Проснувшись рано утром, Михаил Лукьянович, не дожидаясь завтрака, сел на велосипед и покатил к себе на поле. С уборкой нужно было спешить. За сохранность урожая у него болела душа. Осталось скосить больше ста гектаров самой буйной пшеницы, а с механизацией пока еще не все ладилось. По пути он решил завернуть на участок Глафиры. Ее агрегат должен был убирать опытное поле, где пшеница вымахала выше человеческого роста. Косить такую было очень трудно. Размышляя таким образом, Михаил Лукьянович, нажимая на педали, ходко катил по просохшей дороге. Солнце уже взошло, повисло над горами, жарко прогревая отсыревшие за ненастную неделю хлеба. Предвещая хорошую погоду, на обочине стрекотали кузнечики. Впереди маячил вагончик механизаторов. Михаил Лукьянович усилил под горку ход. Поравнявшись с безмолвно стоявшим комбайном, он свернул на ковыльную межу и вдруг увидел такую картину, что едва не вылетел из седла. То, что представилось его взору, вообразить было невозможно. Соколов накренил велосипед, уперся ногами в землю и замер.
Неподалеку от вагончика, пригнувшись к бочке, голый по пояс Мартьян умывался, а совершенно неузнаваемая, звонко хохочущая Глафира, в одном лифчике, поливала ему из ковшика: один черпачок на руки, а другой на широкую мускулистую спину.
«Мне, в сущности, тут уже делать нечего», – подумал Михаил Лукьянович и невольно кашлянул.
Глафира оглянулась. Увидев деверя, она тихонько вскрикнула, бросив ковшик, метнулась к вагончику, юркнула в открытую дверь и быстро захлопнула ее.
Покосившись на непрошеного гостя, Мартьян закрыл кран, разогнул спину и потянулся за лежавшим на бочке полотенцем.
Михаил Лукьянович вытащил из кармана пачку папирос, стараясь унять волнение, торопливо закурил, бросив потухшую спичку, спросил:
– Ты, изобретатель, как сюда поспел?
– Ноги свои, не казенные.
Мартьян вытер влажное лицо, шею, до черноты обожженную горным солнцем, опоясавшись полотенцем, начал энергично растирать молодой сильный торс. Он был коротко подстрижен, гладко выбрит и показался Соколову необычно красивым и стройным.
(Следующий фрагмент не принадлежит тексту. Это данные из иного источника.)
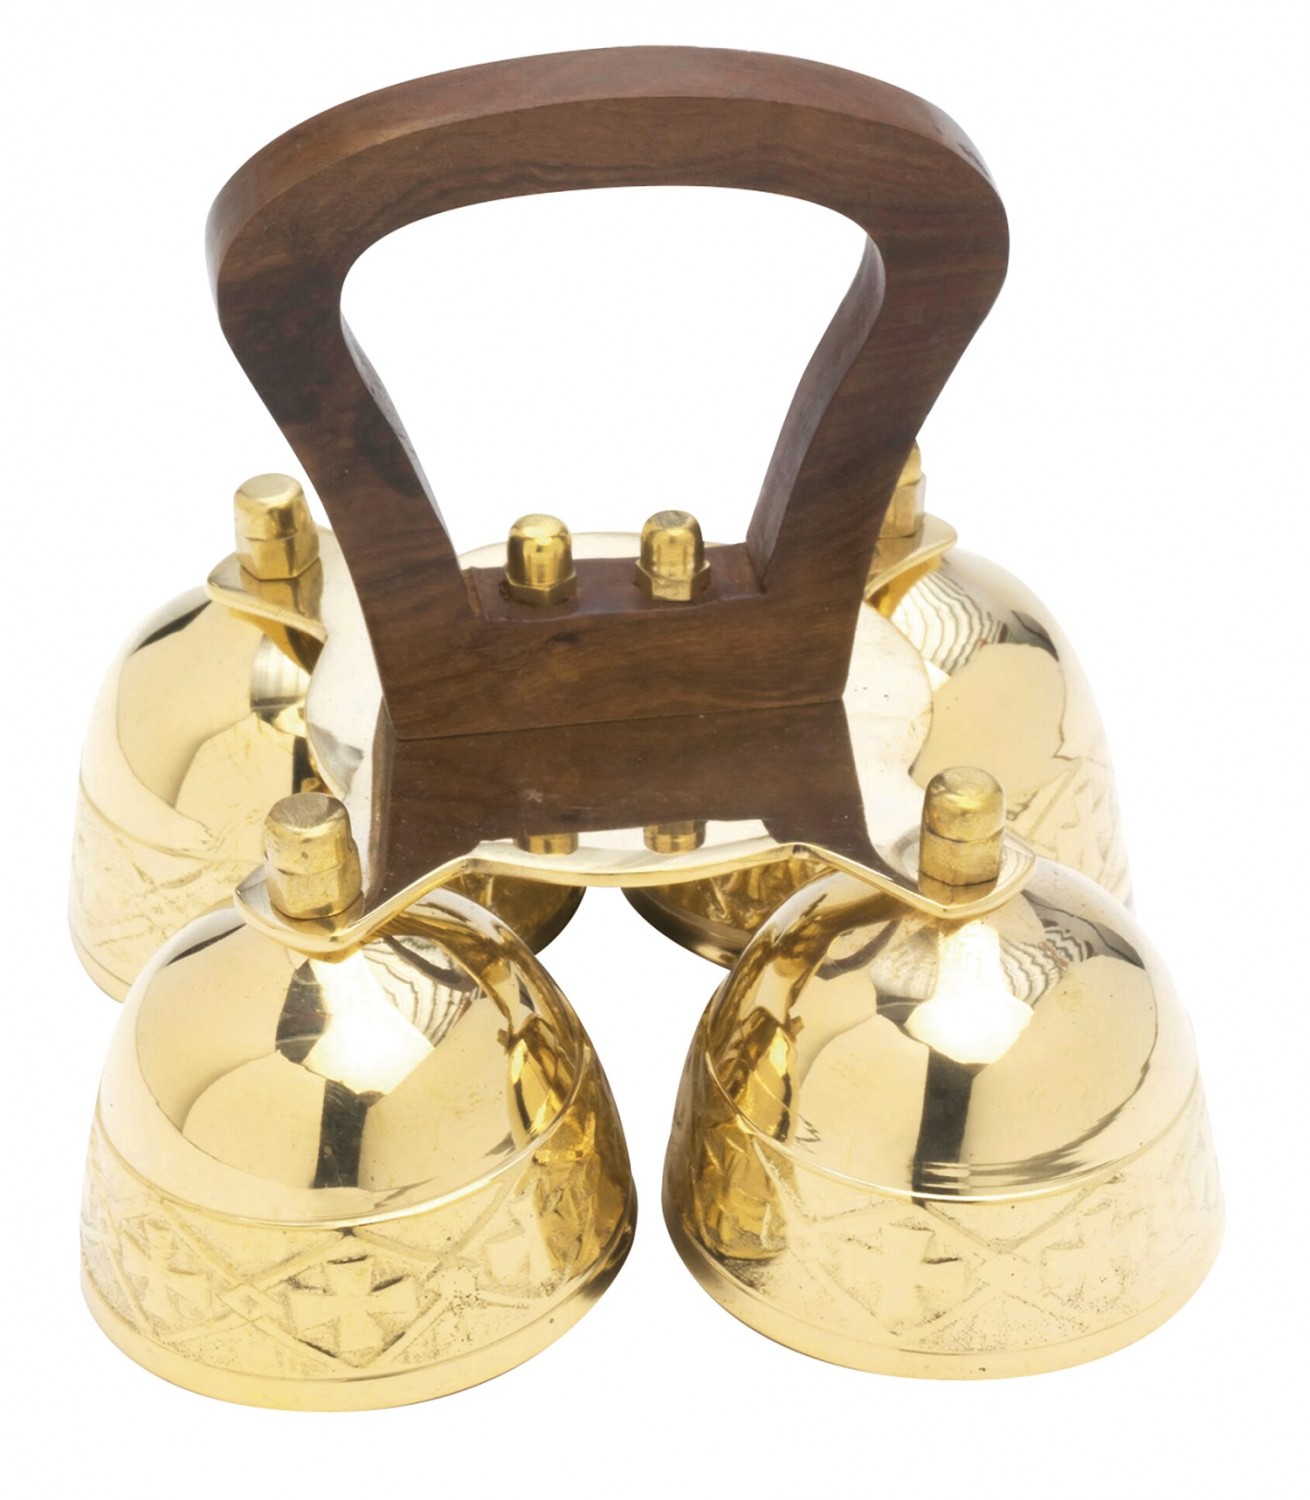 Altar bell - altar bells and Laboratorio Gruppo Liturgico

– Вы что же, одни тут? – часто и глубоко затягиваясь дымом от папиросы, спросил Михаил Лукьянович.
– Если не считать тебя, то одни, – поглядывая на него темными насмешливыми глазами, ответил Мартьян.
– А где же Федор с Сенькой?
– Семен на токах, а Федя, кажется, там, у вас на стане, – ответил Мартьян.
– Все разбрелись. – Соколов бросил окурок, затоптал его сапогом, проникаясь неприятной мыслью, что раз Сеньки и копнильщицы нет, значит, Даша с Федькой невестится. А эти тут, наверное, тоже одни были… вместе умываются, а она в лифчике, так все просто!..
– Ненастье, вот и разбрелись, – сказал Мартьян.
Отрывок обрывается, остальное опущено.